_What to work on:_
In your copy of the data, keep every word exact and include no pictures.

_Input data:_
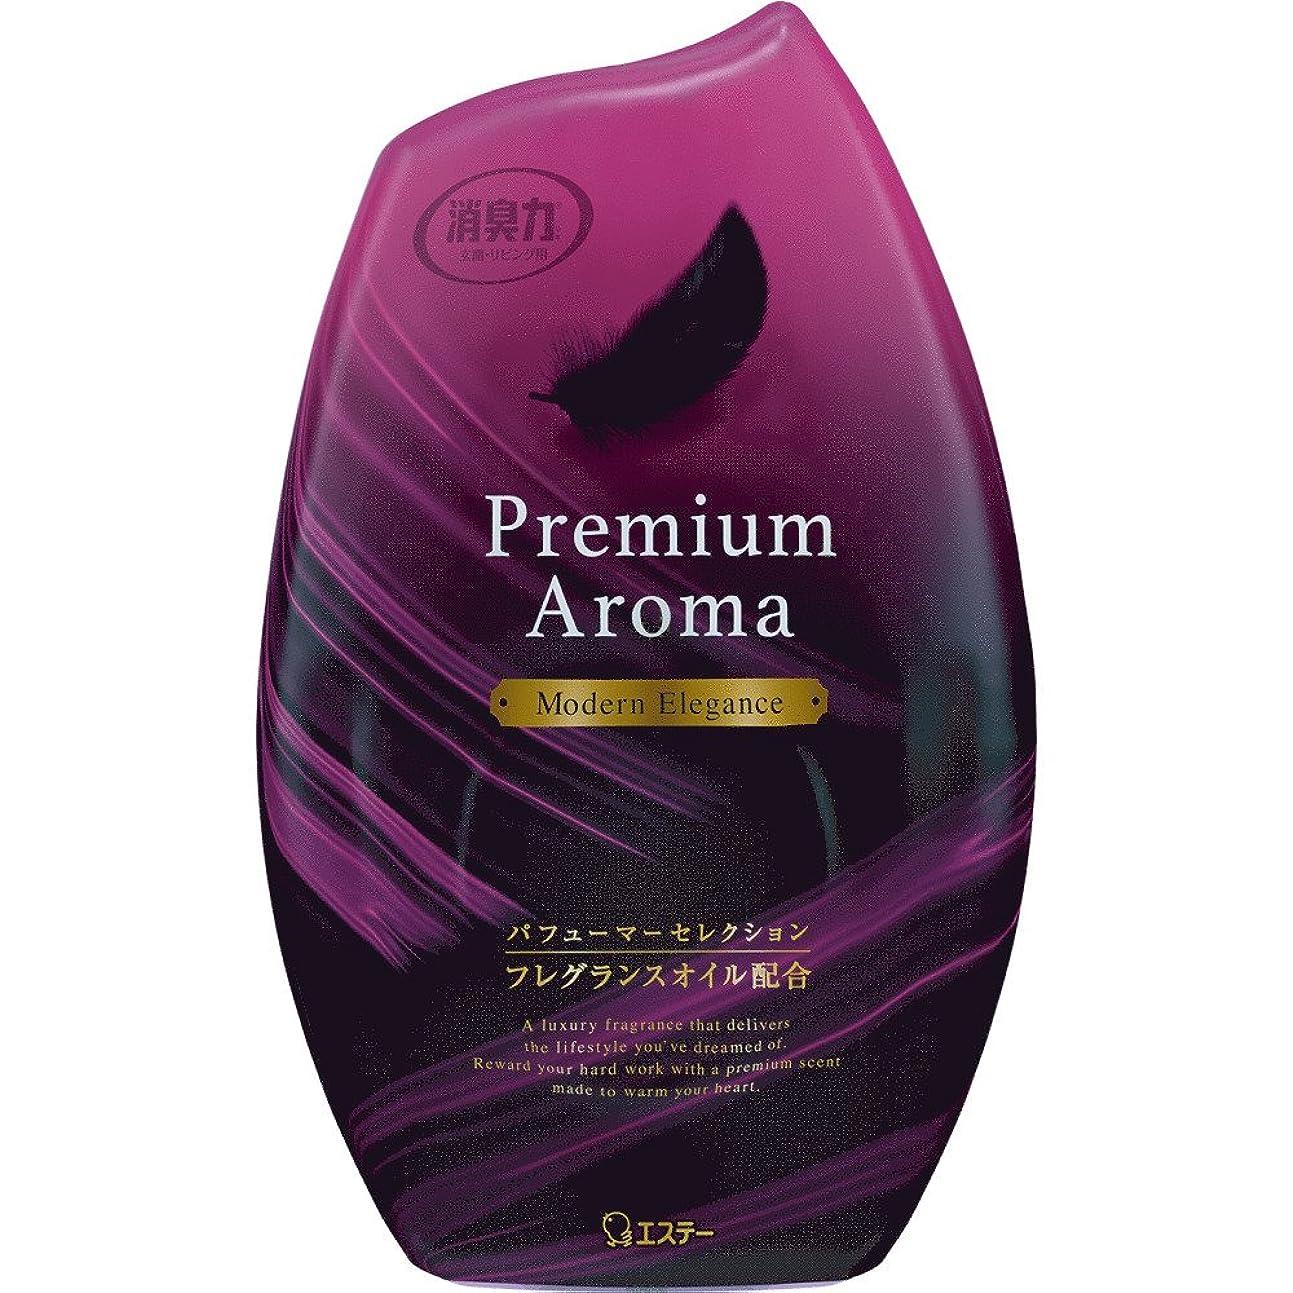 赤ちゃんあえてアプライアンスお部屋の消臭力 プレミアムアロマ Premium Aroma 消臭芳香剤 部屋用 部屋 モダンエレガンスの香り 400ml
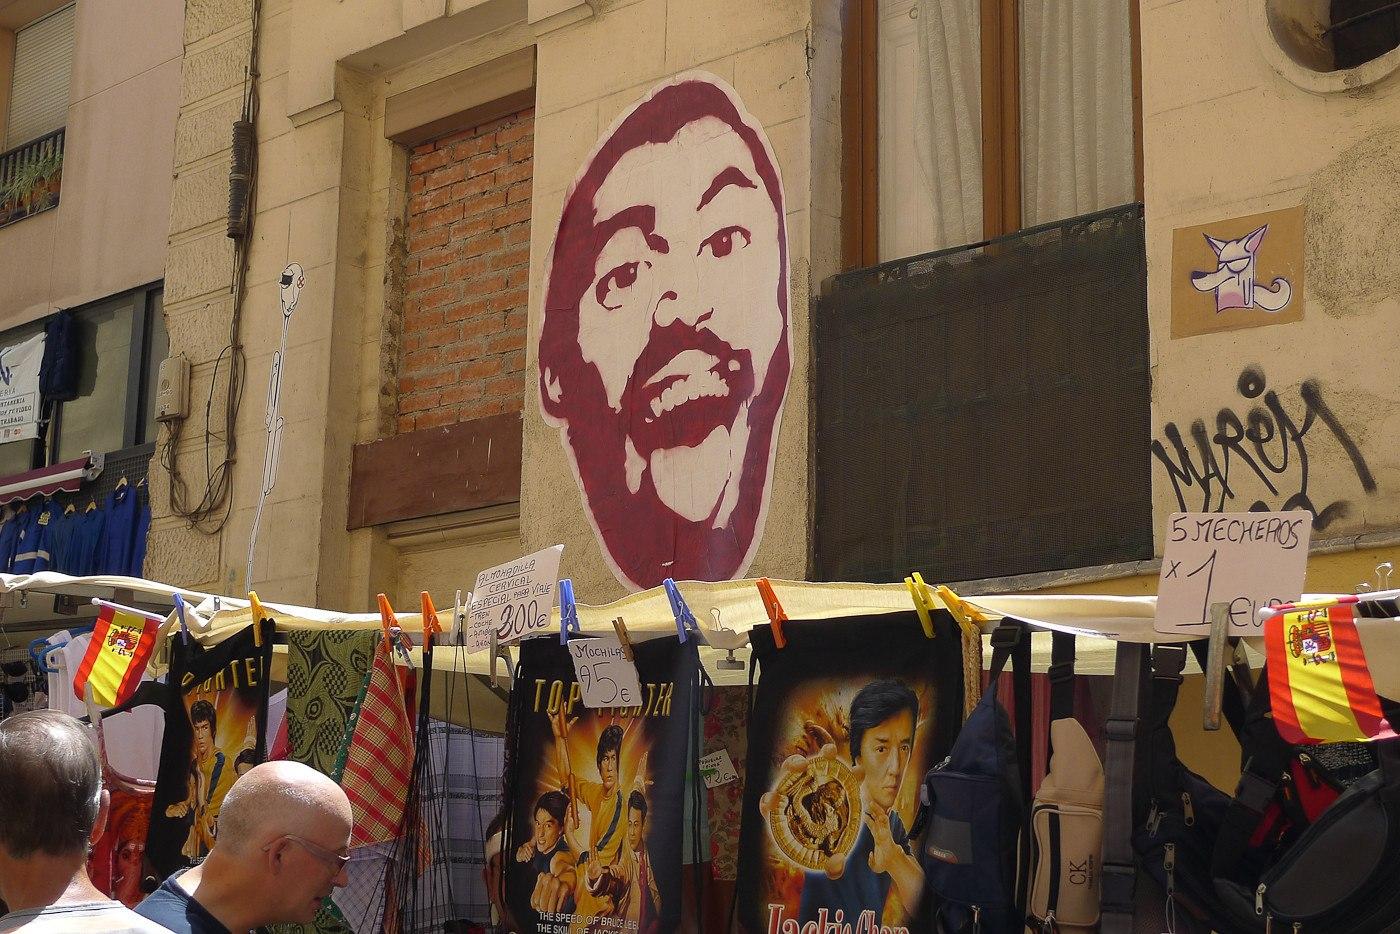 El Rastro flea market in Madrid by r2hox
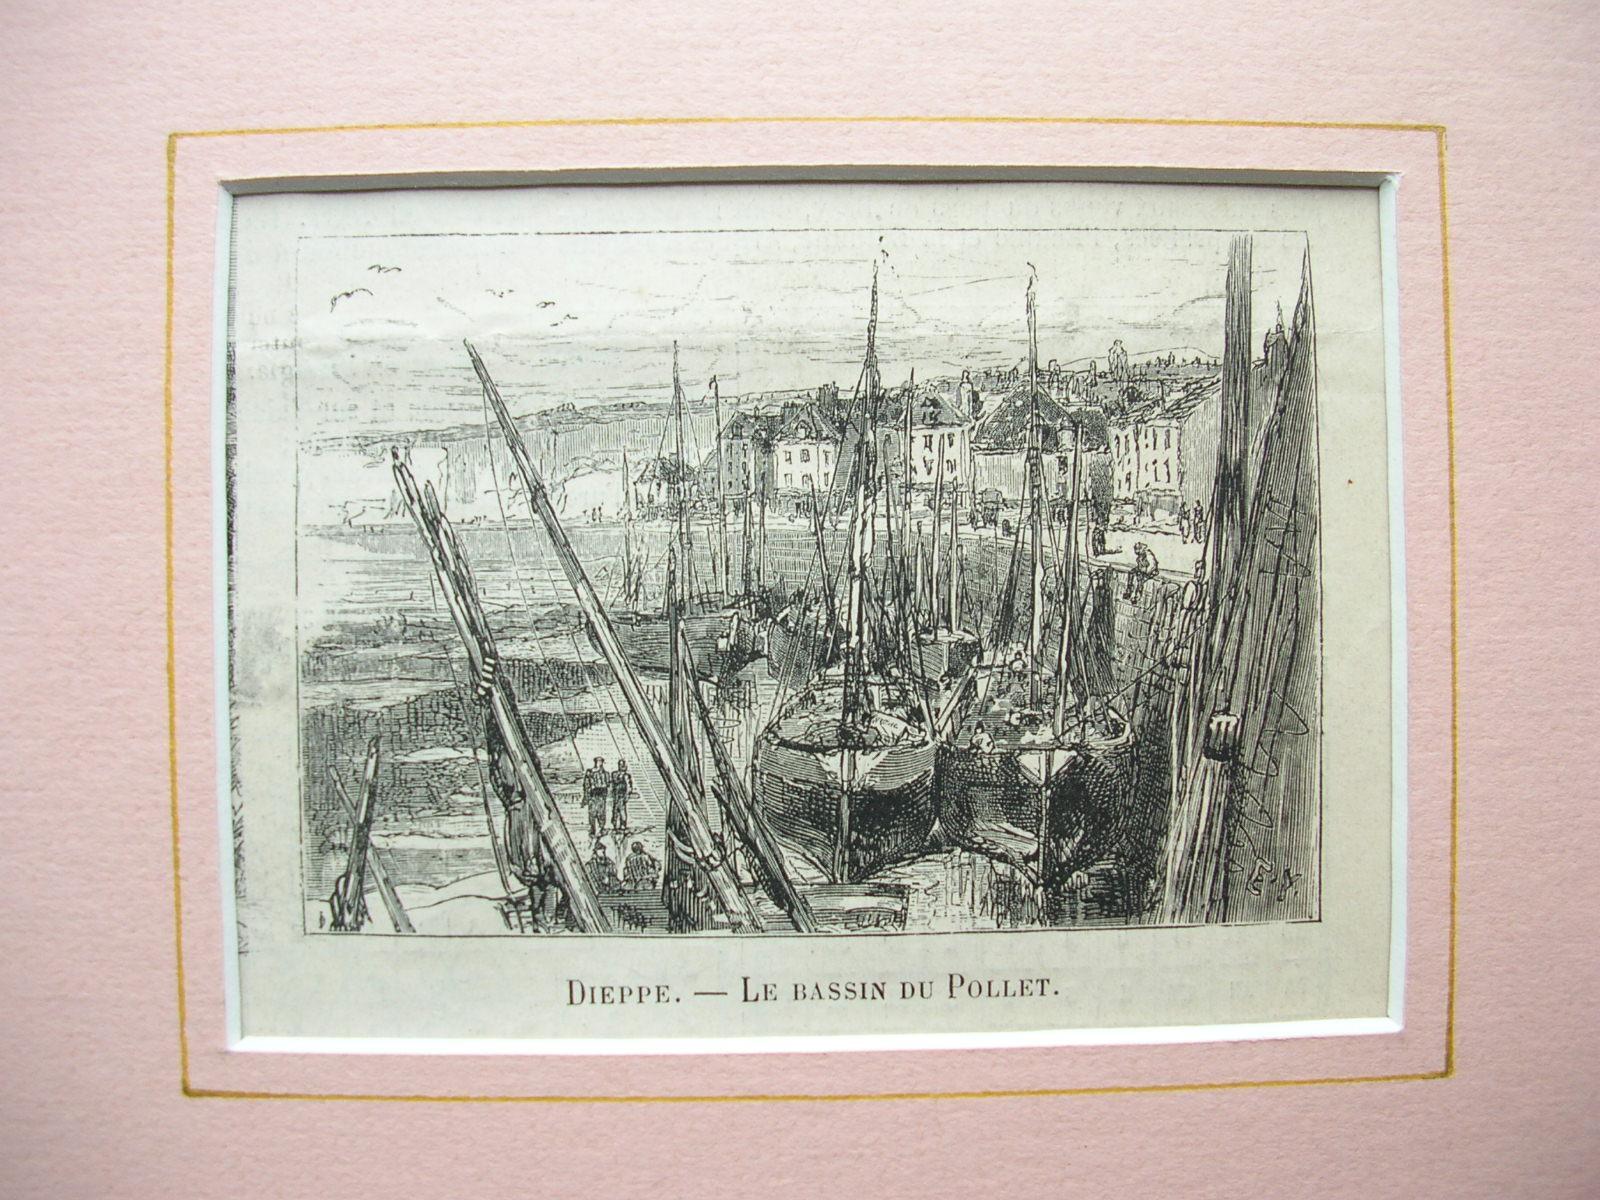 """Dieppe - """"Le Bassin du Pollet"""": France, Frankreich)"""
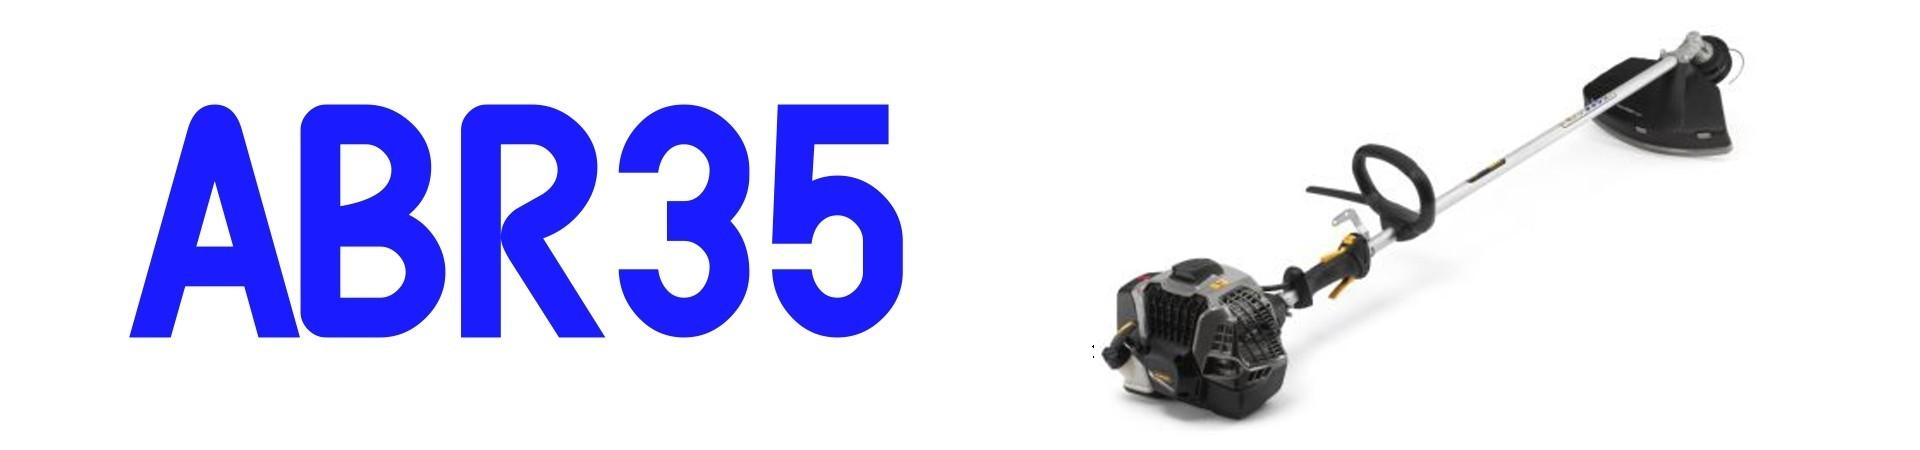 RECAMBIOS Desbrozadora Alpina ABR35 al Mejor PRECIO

_Output for this exercise:_
 赤ちゃんあえてアプライアンスお部屋の消臭力 プレミアムアロマ Premium Aroma 消臭芳香剤 部屋用 部屋 モダンエレガンスの香り 400ml
 El Rastro flea market in Madrid by r2hox
 """Dieppe - """"Le Bassin du Pollet"""": France, Frankreich)"""
 RECAMBIOS Desbrozadora Alpina ABR35 al Mejor PRECIO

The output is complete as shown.